### PROBLEM STATEMENT:
From the data below, set down exactly the lines between the one holding "Qsb6.7 Diesel Engine" and the one holding "Thanks 1 thousand", inclusive, and no others.

═══ LISTED RECORDS ═══

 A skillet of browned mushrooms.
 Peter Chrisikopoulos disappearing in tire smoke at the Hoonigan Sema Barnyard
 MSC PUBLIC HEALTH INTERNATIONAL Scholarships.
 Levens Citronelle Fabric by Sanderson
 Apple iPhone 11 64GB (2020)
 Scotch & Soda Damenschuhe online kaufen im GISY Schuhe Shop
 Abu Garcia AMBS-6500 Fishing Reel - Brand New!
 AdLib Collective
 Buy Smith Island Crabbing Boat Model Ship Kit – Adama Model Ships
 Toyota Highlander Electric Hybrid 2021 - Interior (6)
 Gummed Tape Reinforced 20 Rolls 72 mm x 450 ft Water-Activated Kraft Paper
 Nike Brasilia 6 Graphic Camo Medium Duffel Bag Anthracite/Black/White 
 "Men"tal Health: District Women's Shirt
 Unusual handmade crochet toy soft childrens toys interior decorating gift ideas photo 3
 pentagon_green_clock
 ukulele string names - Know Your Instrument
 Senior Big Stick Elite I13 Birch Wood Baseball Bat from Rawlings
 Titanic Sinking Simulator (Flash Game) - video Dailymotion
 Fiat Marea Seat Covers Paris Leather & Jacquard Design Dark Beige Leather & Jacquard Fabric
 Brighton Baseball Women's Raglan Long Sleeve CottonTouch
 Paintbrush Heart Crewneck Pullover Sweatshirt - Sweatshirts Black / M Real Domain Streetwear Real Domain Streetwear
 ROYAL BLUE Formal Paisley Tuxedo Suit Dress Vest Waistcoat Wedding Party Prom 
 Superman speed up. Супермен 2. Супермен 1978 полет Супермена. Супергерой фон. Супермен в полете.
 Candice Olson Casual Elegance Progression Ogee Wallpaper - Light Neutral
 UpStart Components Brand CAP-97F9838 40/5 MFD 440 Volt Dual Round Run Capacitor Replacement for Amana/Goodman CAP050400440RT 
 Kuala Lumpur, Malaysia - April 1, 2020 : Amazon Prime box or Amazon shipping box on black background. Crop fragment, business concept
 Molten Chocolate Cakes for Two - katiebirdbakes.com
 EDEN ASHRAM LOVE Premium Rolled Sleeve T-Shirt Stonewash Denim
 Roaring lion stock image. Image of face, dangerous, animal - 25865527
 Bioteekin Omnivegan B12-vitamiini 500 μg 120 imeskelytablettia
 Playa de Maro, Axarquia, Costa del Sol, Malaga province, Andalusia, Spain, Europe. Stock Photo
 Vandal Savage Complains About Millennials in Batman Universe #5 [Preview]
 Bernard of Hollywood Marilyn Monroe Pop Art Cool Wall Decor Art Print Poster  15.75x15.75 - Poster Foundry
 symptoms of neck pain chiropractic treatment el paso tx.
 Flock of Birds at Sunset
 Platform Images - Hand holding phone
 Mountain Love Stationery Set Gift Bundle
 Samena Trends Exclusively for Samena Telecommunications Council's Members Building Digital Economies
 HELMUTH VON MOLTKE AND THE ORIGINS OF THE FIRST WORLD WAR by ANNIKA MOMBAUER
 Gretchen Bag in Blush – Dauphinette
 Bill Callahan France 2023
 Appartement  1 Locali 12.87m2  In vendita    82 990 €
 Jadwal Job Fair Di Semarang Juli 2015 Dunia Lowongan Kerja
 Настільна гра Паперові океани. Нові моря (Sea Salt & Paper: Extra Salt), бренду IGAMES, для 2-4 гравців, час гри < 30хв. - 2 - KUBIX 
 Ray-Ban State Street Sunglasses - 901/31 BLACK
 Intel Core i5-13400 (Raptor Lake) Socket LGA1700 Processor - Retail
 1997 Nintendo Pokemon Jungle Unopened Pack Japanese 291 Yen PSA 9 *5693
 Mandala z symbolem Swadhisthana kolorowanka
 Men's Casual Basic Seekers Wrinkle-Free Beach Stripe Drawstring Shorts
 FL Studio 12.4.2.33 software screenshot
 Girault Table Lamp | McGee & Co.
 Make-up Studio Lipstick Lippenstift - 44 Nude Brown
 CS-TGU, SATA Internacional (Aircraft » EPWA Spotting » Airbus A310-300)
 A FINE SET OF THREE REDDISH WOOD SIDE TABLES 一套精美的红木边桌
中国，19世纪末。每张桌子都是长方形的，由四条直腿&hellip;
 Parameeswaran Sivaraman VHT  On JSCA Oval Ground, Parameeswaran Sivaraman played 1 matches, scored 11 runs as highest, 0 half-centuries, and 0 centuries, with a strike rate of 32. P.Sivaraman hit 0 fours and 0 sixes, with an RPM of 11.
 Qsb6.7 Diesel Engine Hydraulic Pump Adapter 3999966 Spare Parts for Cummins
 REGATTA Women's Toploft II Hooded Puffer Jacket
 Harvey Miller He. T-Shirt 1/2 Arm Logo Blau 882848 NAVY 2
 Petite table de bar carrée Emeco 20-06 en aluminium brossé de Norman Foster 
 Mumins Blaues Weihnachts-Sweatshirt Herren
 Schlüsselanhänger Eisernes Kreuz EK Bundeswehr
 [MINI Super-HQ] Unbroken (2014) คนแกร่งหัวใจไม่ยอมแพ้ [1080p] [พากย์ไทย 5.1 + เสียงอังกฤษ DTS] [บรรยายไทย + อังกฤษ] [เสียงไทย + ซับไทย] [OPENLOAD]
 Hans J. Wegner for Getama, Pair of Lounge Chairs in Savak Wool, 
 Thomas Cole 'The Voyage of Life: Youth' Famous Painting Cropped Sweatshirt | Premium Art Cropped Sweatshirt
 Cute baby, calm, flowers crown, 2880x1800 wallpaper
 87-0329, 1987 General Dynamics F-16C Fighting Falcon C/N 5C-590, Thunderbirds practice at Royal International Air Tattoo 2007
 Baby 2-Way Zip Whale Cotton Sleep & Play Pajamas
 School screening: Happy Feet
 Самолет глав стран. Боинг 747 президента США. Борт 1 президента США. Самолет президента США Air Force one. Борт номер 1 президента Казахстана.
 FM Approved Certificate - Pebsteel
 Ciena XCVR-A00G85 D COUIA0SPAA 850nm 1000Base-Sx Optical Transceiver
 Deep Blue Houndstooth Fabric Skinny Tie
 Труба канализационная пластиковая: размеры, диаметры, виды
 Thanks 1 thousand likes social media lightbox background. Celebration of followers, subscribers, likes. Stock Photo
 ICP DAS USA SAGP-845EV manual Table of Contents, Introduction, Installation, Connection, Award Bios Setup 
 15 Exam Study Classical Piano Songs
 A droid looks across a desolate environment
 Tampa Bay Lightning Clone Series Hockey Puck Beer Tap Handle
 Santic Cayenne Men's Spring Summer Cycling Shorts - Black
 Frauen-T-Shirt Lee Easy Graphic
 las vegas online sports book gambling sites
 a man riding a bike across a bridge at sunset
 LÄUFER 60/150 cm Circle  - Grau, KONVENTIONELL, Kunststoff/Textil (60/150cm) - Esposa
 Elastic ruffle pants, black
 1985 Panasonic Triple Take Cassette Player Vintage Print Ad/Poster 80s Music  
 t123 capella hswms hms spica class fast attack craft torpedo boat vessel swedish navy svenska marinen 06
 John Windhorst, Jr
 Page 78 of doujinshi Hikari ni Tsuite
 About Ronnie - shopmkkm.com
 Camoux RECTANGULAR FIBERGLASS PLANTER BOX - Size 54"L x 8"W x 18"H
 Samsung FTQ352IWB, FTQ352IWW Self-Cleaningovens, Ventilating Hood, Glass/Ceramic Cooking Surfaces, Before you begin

═══

### EXERCISE RESPONSE:
 Qsb6.7 Diesel Engine Hydraulic Pump Adapter 3999966 Spare Parts for Cummins
 REGATTA Women's Toploft II Hooded Puffer Jacket
 Harvey Miller He. T-Shirt 1/2 Arm Logo Blau 882848 NAVY 2
 Petite table de bar carrée Emeco 20-06 en aluminium brossé de Norman Foster 
 Mumins Blaues Weihnachts-Sweatshirt Herren
 Schlüsselanhänger Eisernes Kreuz EK Bundeswehr
 [MINI Super-HQ] Unbroken (2014) คนแกร่งหัวใจไม่ยอมแพ้ [1080p] [พากย์ไทย 5.1 + เสียงอังกฤษ DTS] [บรรยายไทย + อังกฤษ] [เสียงไทย + ซับไทย] [OPENLOAD]
 Hans J. Wegner for Getama, Pair of Lounge Chairs in Savak Wool, 
 Thomas Cole 'The Voyage of Life: Youth' Famous Painting Cropped Sweatshirt | Premium Art Cropped Sweatshirt
 Cute baby, calm, flowers crown, 2880x1800 wallpaper
 87-0329, 1987 General Dynamics F-16C Fighting Falcon C/N 5C-590, Thunderbirds practice at Royal International Air Tattoo 2007
 Baby 2-Way Zip Whale Cotton Sleep & Play Pajamas
 School screening: Happy Feet
 Самолет глав стран. Боинг 747 президента США. Борт 1 президента США. Самолет президента США Air Force one. Борт номер 1 президента Казахстана.
 FM Approved Certificate - Pebsteel
 Ciena XCVR-A00G85 D COUIA0SPAA 850nm 1000Base-Sx Optical Transceiver
 Deep Blue Houndstooth Fabric Skinny Tie
 Труба канализационная пластиковая: размеры, диаметры, виды
 Thanks 1 thousand likes social media lightbox background. Celebration of followers, subscribers, likes. Stock Photo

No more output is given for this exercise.